Dr. Paul DeChant, MD, MBA is a professional consultant, executive coach, experienced physician executive, and expert on physician burnout who has the expertise you need to identify, treat, and prevent burnout in yourself and your organization. Dr. DeChant can help your organization reduce the risk of physician burnout through Lean Transformation, which he has helped several professional medical organizations implement with ongoing positive results. Dr. DeChant is also available to consult on a variety of matters related to running a medical organization like medical group leadership coaching, medical group mergers / acquisitions, physician engagement, and more.
Why I Do What I Do:
My 30 years’ experience as a practicing family physician and a physician executive leader in large healthcare systems led me to my passion for returning joy to patient care through Lean transformation.
I’ve felt the pain of frustrated patients, overworked providers, and stressed leaders. We have designed provider organizations with the perfect recipe for burnout. In fact, burnout has reached crisis proportions. The good news is that we have great potential to improve the care experience for patients, care givers, and administrators alike.
The key lies in the power of Lean management to transform the organization’s culture. Lean is about removing waste and defects from workflow processes. But most important is the way it accomplishes this, harnessing the power of continuous improvement and respect for people to empower those on the front lines to identify and fix problems in real time.
Trusting the people who do the work to fix the problems requires a different role for administration. Leaders must change themselves, from the heroes who rush in to resolve a crisis, to coaches and mentors who support their workers with the resources and mentoring needed to become great problem solvers.

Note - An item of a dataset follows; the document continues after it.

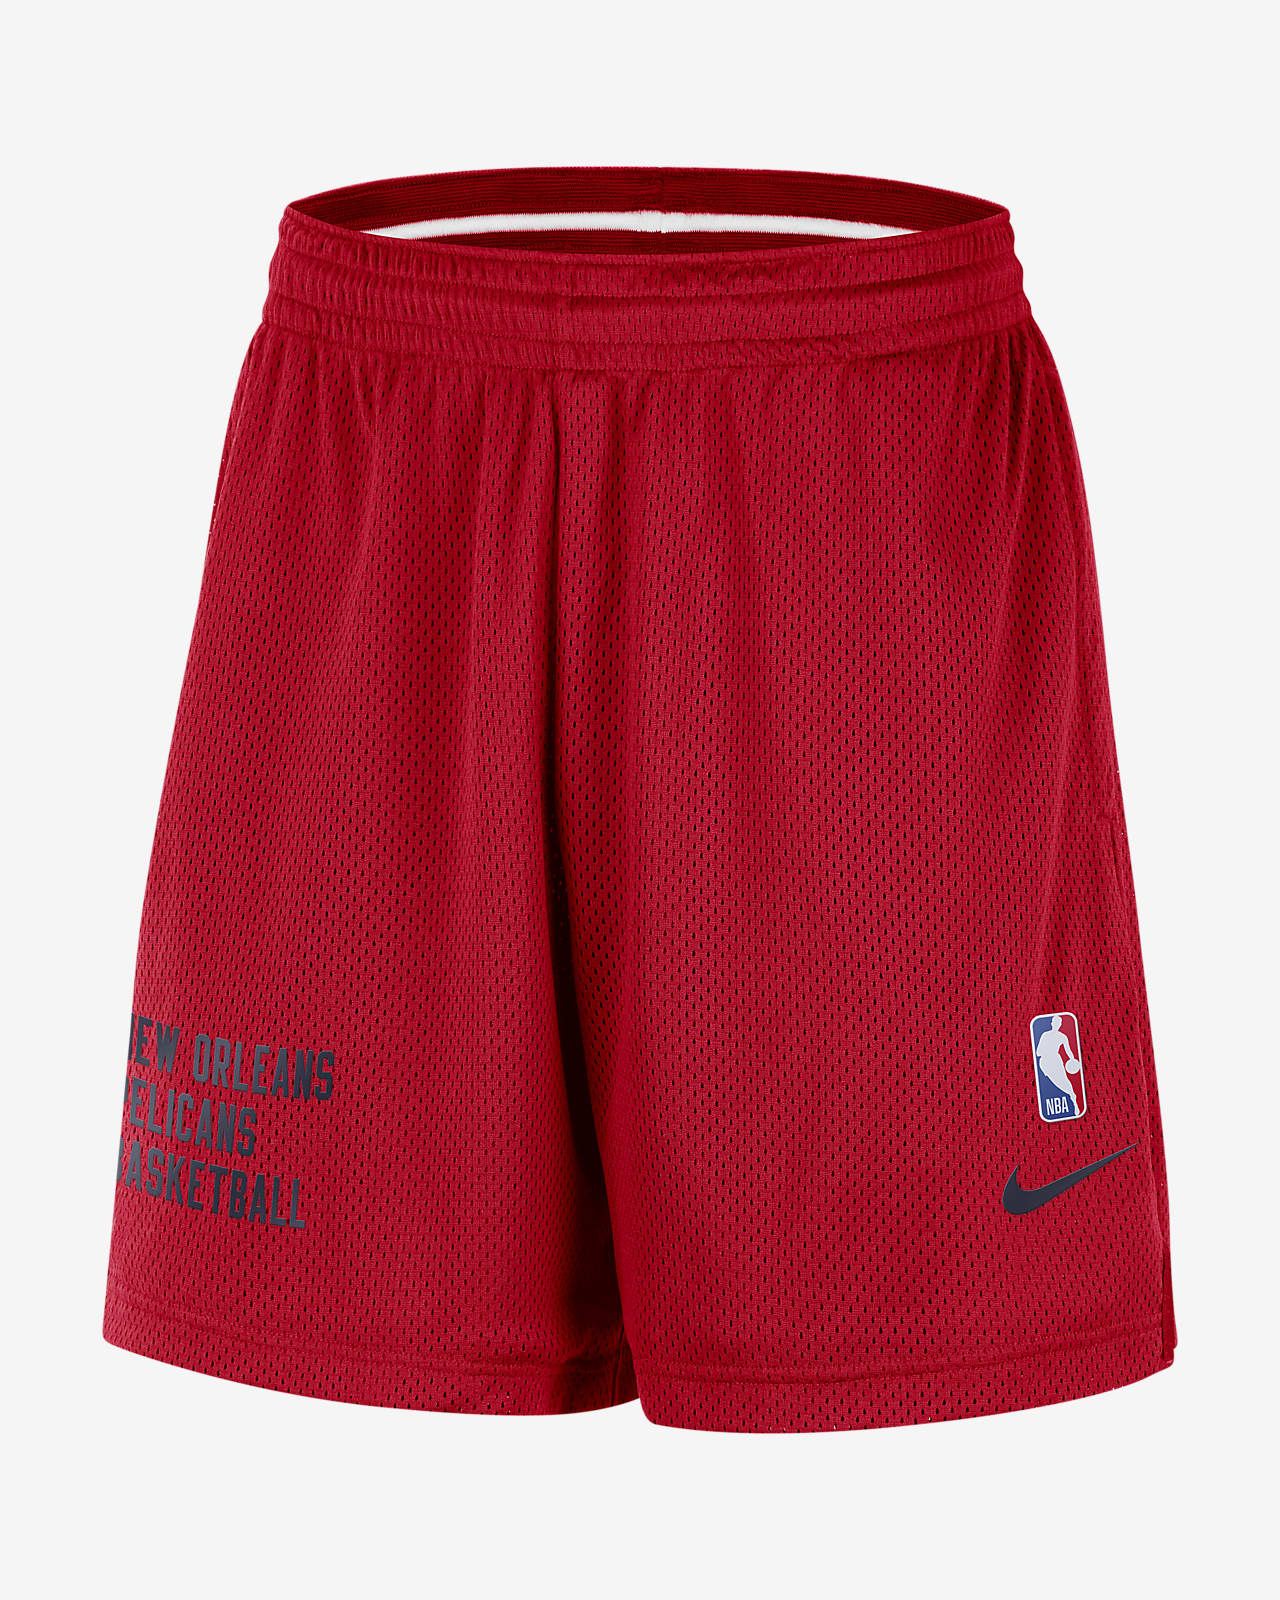 Shorts Nike de malla de la NBA para hombre New Orleans Pelicans

I personally experienced this change as the CEO of Sutter Gould Medical Foundation, a 300-physician multispecialty medical group in California’s Central Valley. During my five years as its leader, partnering with great physician and non-physician leaders, and coached by Simpler Lean sensei, we transformed our management system and culture. The care experience improved for patients, staff, and providers. As a result, we were recognized by Consumer Reports as the highest rated medical group in California two years in a row.
In short, Lean works.
I was drawn to Family Medicine because of its focus on both treatment and prevention. I am drawn to Lean management because, done right, it has the power not only to treat caregiver burnout, but to prevent it by addressing its root causes.
If you share my passion for returning joy to patient care I hope that you will find value in this website. Feel free to reach out to me with your thoughts.
I grew up in Pittsburgh, Pennsylvania (through eight grade) and Portland, Oregon (high school through medical school – Oregon Health Sciences University). During my family medicine residency in Greeley, Colorado, I met my wife, Bonnie, who at the time was an OR nurse.
Following a year as an ER physician in a small town on Colorado’s Front Range, Bonnie and I moved to Fremont, California. There I joined the Palo Alto Medical Clinic and was one of the initial four physicians who started up PAMC’s first satellite office. In my nine years there, I became the medical director during a period of rapid growth, served as FM Department Chair at our local community hospital, started a clinic in the local homeless shelter, and was elected to the Board of Directors of the 160-physician Palo Alto Medical Clinic.
Attending an American College of Physician Executives management training course, I was offered the opportunity to return to Colorado and practice in the ski resort of Breckenridge. My wife and I moved our two young daughters to the mountains, where I became the second of a two-physician private practice, serving as a family doctor in a town of 5000 and as an ER doctor at the base of the ski hill.
During eight years in Breckenridge, I led the merger of five private practices into a 30-provider multispecialty group. Recognizing I had the opportunity to further develop as a physician executive, I also pursued an MBA at the University of Colorado, Denver.
After earning my MBA in Health Administration at the University of Colorado, I was offered the opportunity to join the Geisinger Health System in a physician executive leadership role. In my four years there, I turned around a struggling department of 20 physicians in Lewistown, PA, chaired the compensation committee for Geisinger’s 200-physician Community Practice Division, and initiated Geisinger’s Epic Optimization Committee.
The Palo Alto Medical Foundation then asked me to return to the San Francisco Bay Area to develop new clinical offices in the East Bay communities of Castro Valley and Dublin. In four years I designed new facilities, recruited physicians and a management team, and initiated a lean management system and culture. I also facilitated the merger of the three major medical groups under the PAMF umbrella into a single group of 800 physicians.
Following this work, I was chosen to serve as the CEO for the Sutter Gould Medical Foundation. Over my five years as a physician executive in that role, I led a transformation of Gould, through Lean management and using Simpler Healthcare as our guide. On this journey I was fortunate to have the support of great colleagues who embodied servant leadership, living by the principles of continuous improvement and respect for people.
Now I work as a senior advisor with Simpler Healthcare, providing executive coaching to other health care leaders pursuing Lean transformations in their organizations and providing thought leadership on clinical operations and innovation.